Recorded data:
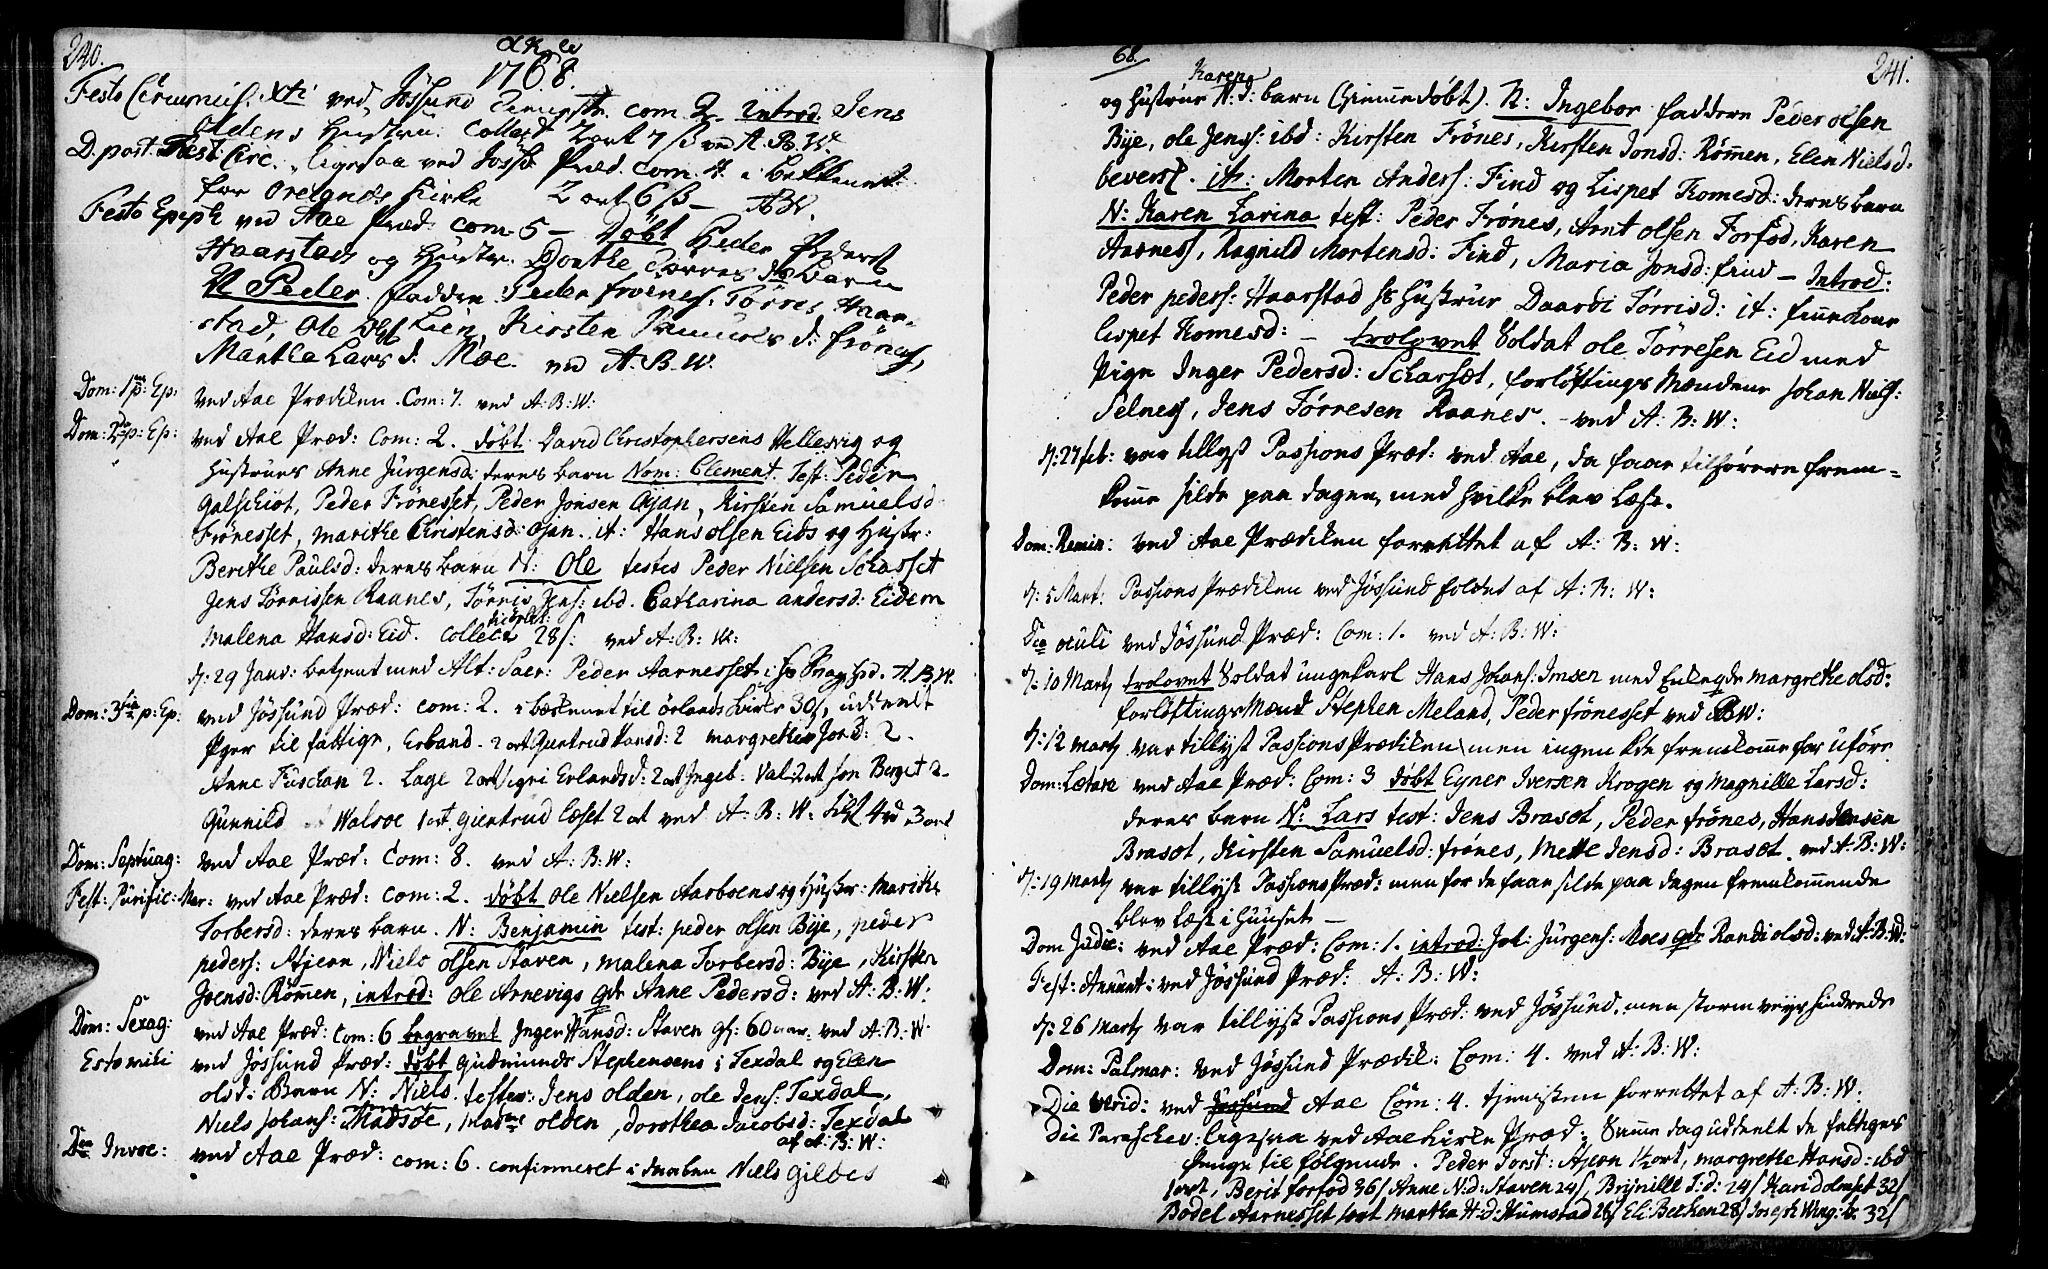 SAT, Ministerialprotokoller, klokkerbøker og fødselsregistre - Sør-Trøndelag, 655/L0672: Ministerialbok nr. 655A01, 1750-1779, s. 240-241
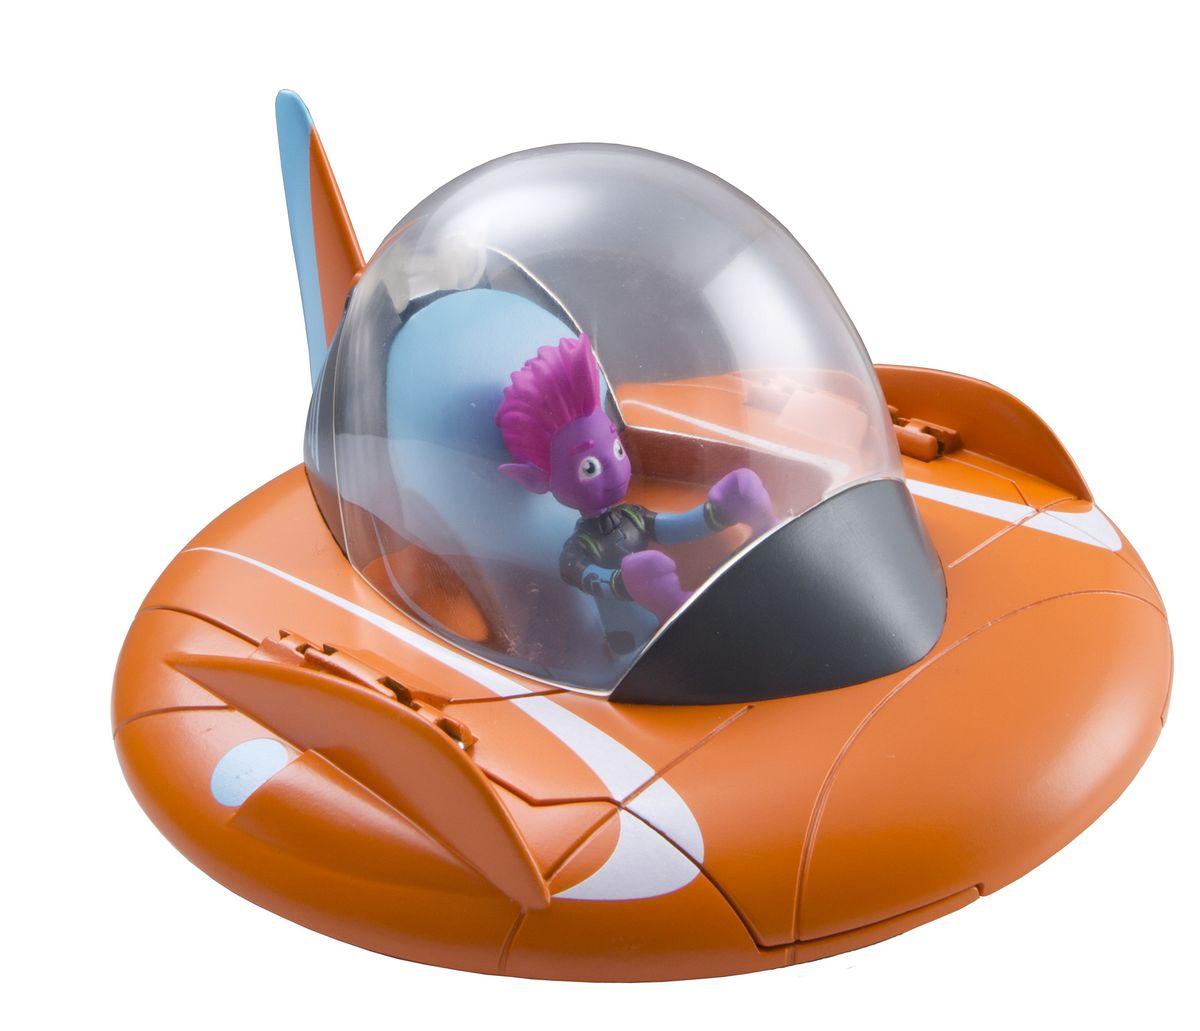 """Летающая тарелка """"Miles from Tomorrowland"""" оранжевого цвета может трансформироваться в планетоход: у нее складываются боковые плоскости и выдвигаются шасси, которые позволяют передвигаться по любой поверхности. Фигурка Пипа входит в комплект. Маленький розовый инопланетянин очень органично смотрится за штурвалом своего летательного аппарата. Порадуйте своего ребенка любимым персонажем из мультфильма, и он поразит вас полетом и новыми приключениями хорошо знакомых героев."""
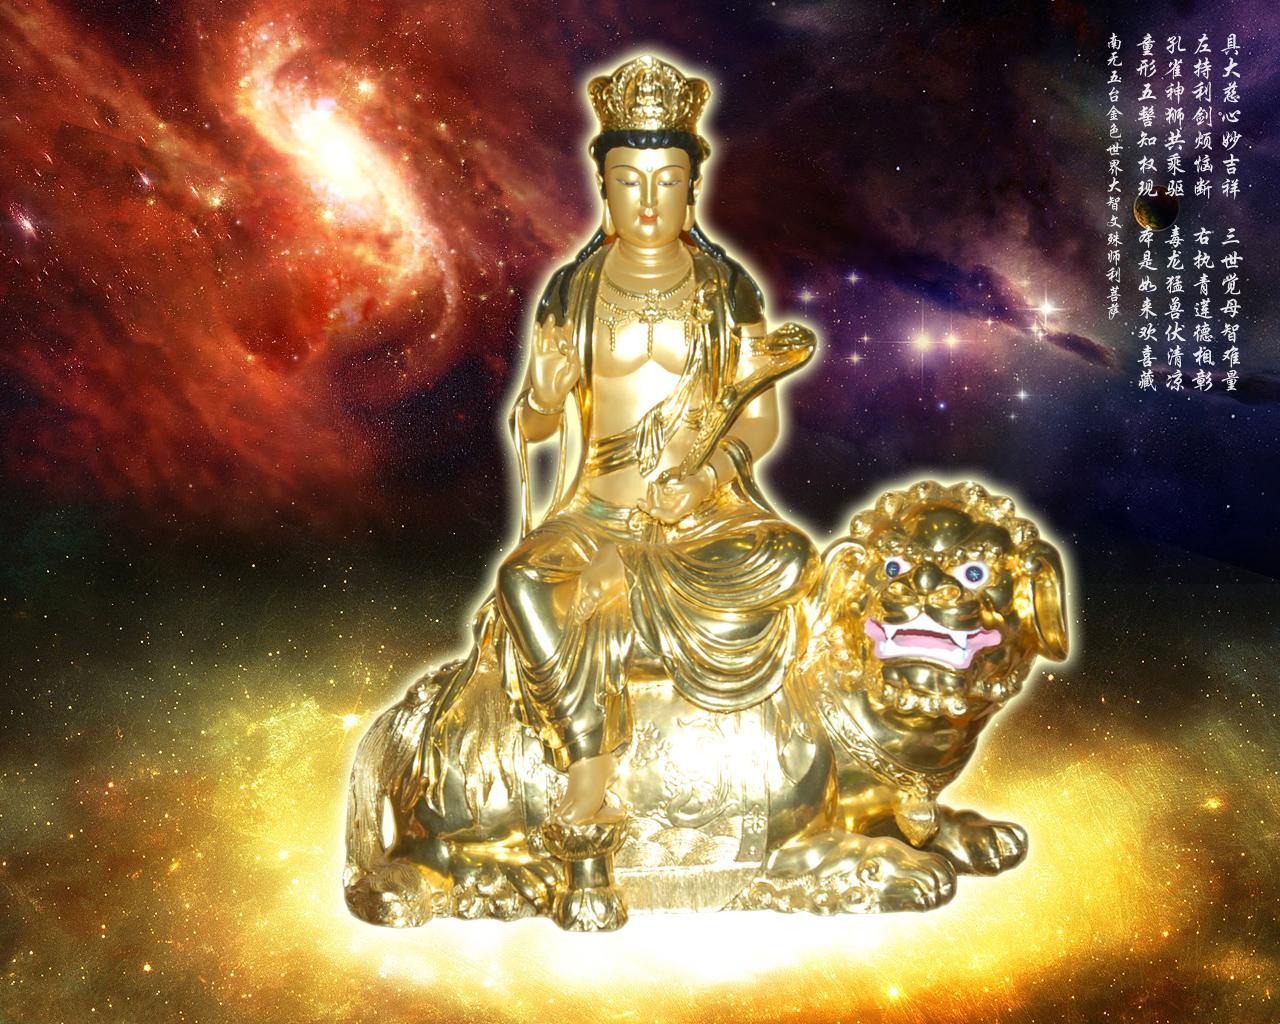 菩萨——佛教壁纸

Exercise directions: Nothing but the lines from the one that holds "оранжевого цвета может" through the end of the data should appear, written out exactly, without pictures.

Exercise output:
 """Летающая тарелка """"Miles from Tomorrowland"""" оранжевого цвета может трансформироваться в планетоход: у нее складываются боковые плоскости и выдвигаются шасси, которые позволяют передвигаться по любой поверхности. Фигурка Пипа входит в комплект. Маленький розовый инопланетянин очень органично смотрится за штурвалом своего летательного аппарата. Порадуйте своего ребенка любимым персонажем из мультфильма, и он поразит вас полетом и новыми приключениями хорошо знакомых героев."""
 菩萨——佛教壁纸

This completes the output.